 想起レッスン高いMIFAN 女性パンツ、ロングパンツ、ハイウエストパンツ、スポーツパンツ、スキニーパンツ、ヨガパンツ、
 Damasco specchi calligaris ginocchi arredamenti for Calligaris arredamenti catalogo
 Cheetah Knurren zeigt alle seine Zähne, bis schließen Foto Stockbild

...

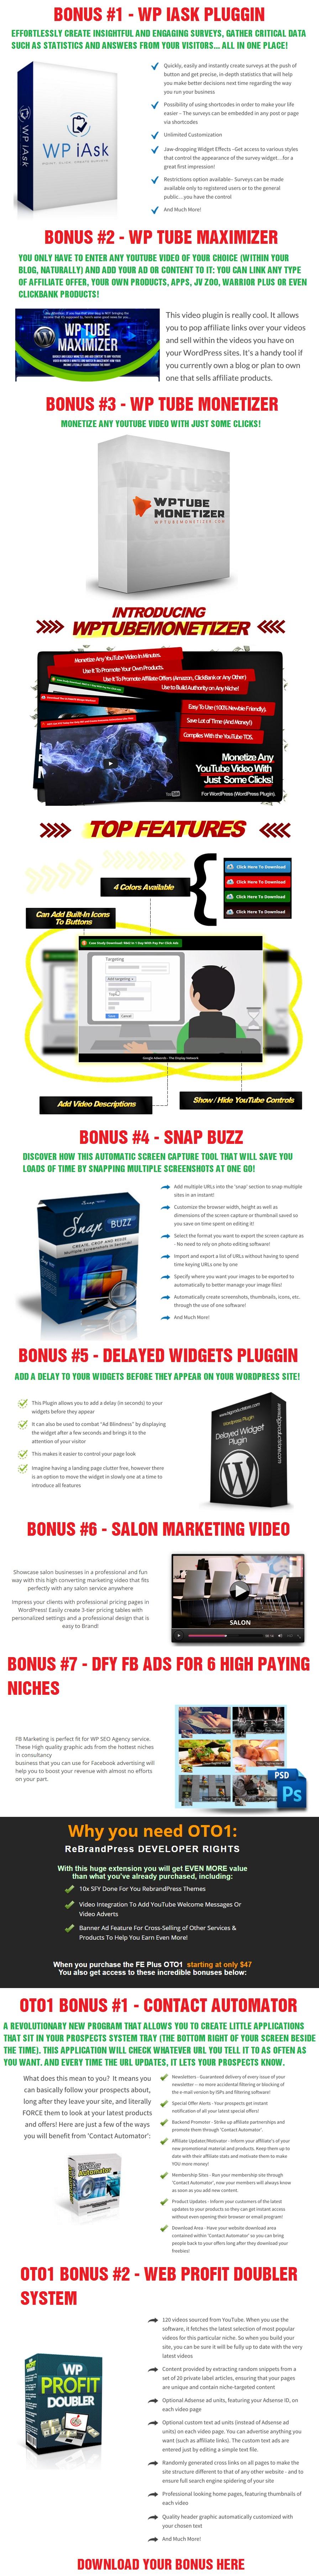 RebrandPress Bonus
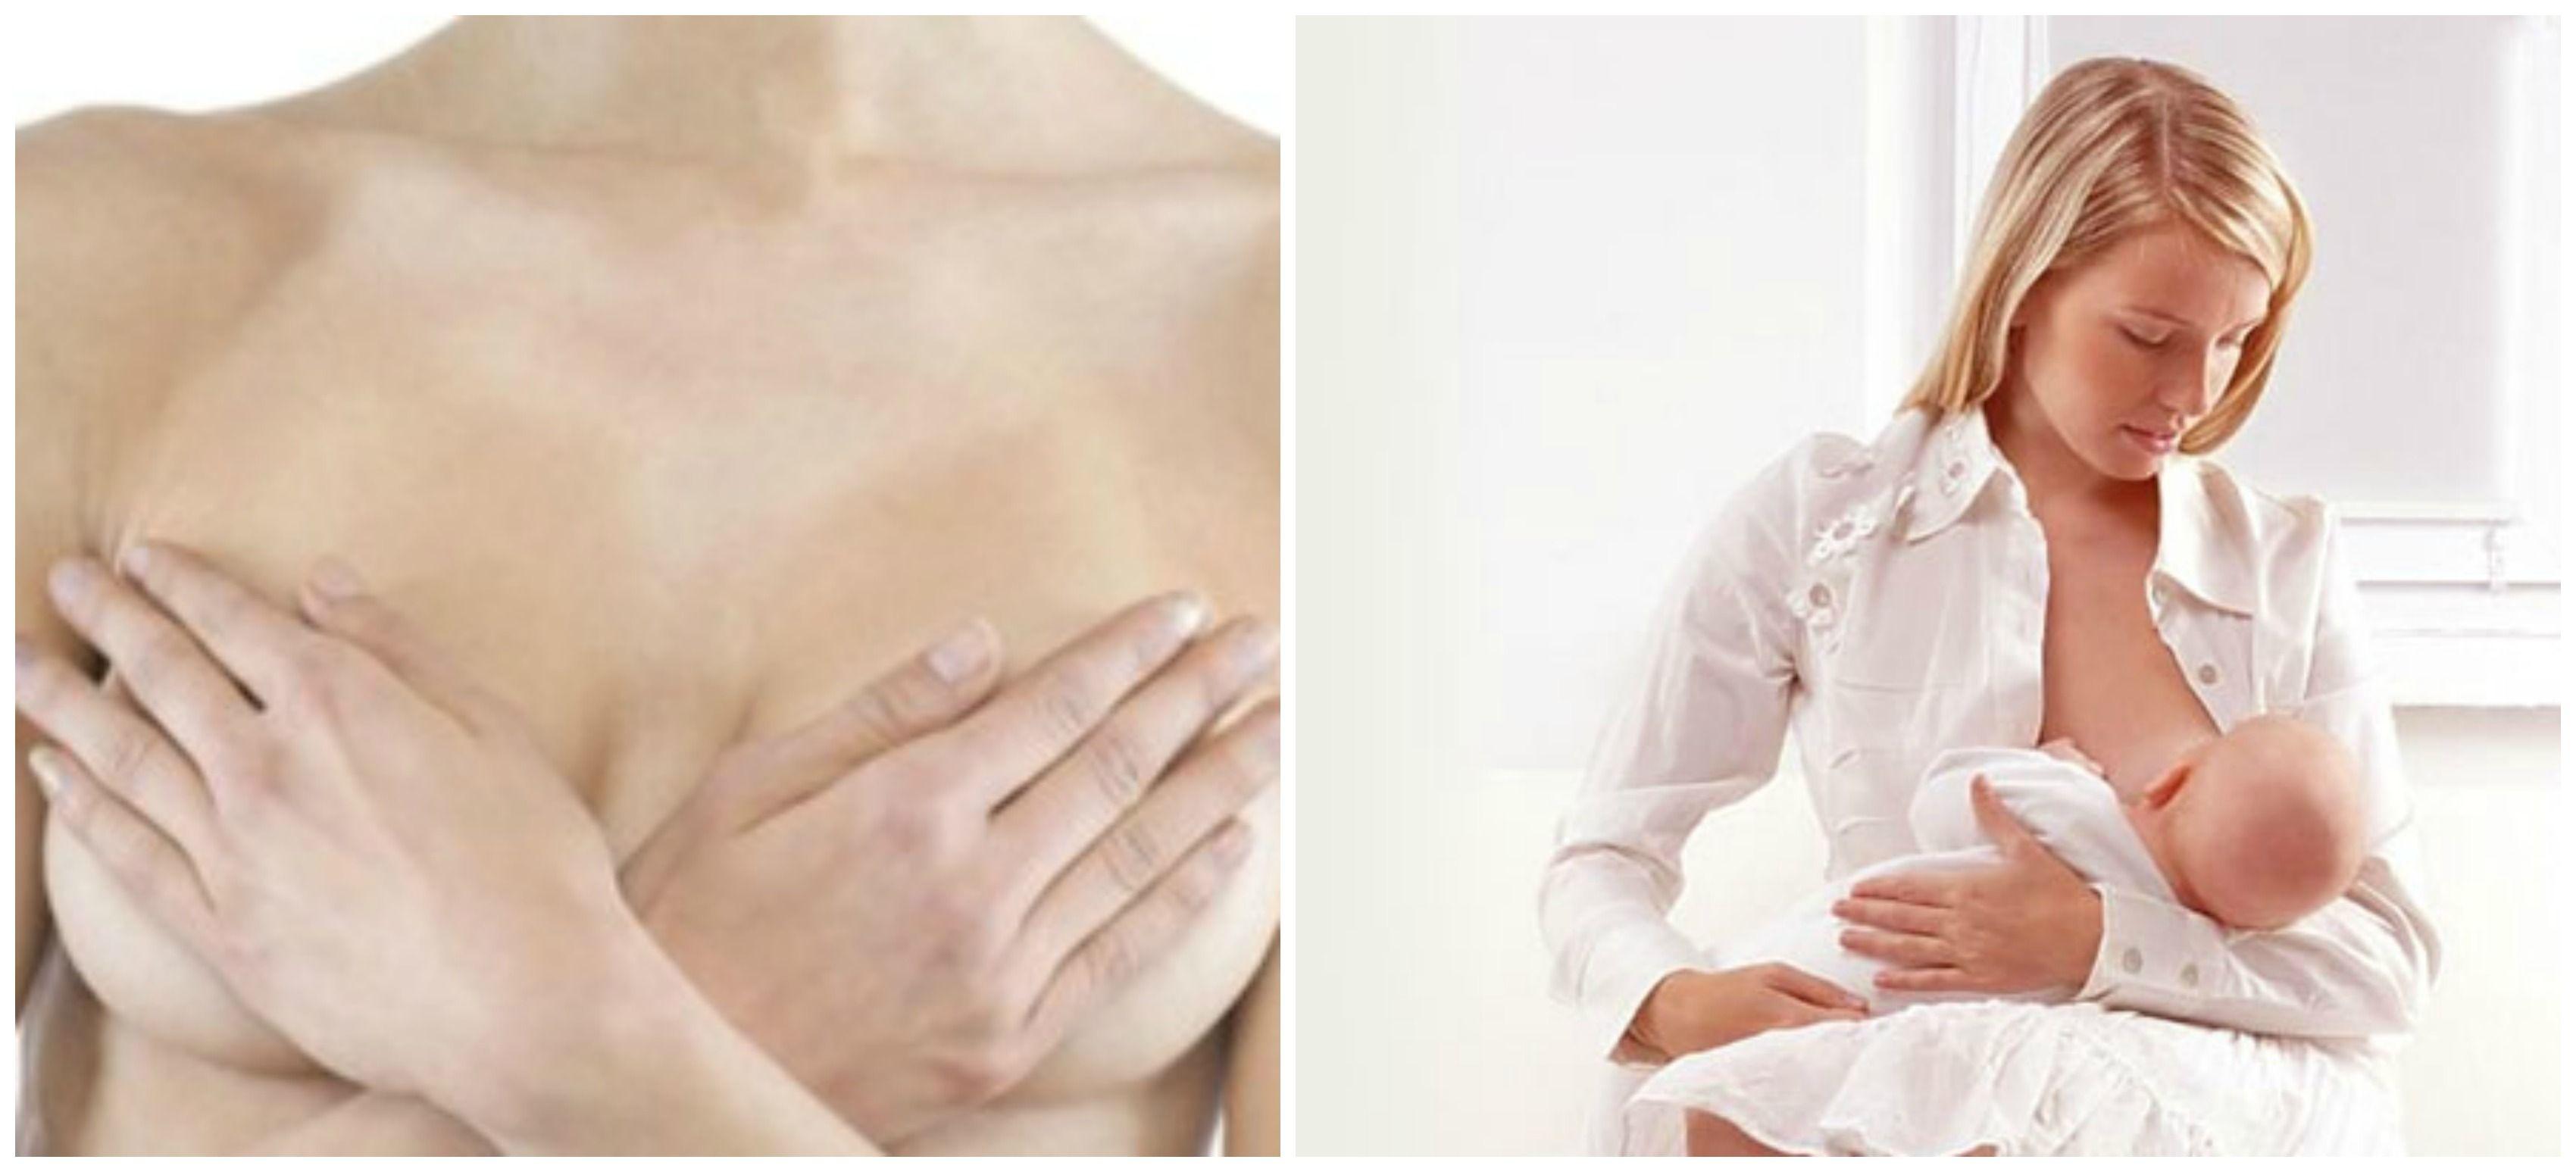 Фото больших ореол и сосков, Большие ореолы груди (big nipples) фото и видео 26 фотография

TASK DIRECTIONS — Please copy the lines in the records above between the one holding "想起レッスン高いMIFAN 女性パンツ、" and the one holding "Cheetah Knurren zeigt", inclusive, exactly and with no other line.

SOLVED EXERCISE —
 想起レッスン高いMIFAN 女性パンツ、ロングパンツ、ハイウエストパンツ、スポーツパンツ、スキニーパンツ、ヨガパンツ、
 Damasco specchi calligaris ginocchi arredamenti for Calligaris arredamenti catalogo
 Cheetah Knurren zeigt alle seine Zähne, bis schließen Foto Stockbild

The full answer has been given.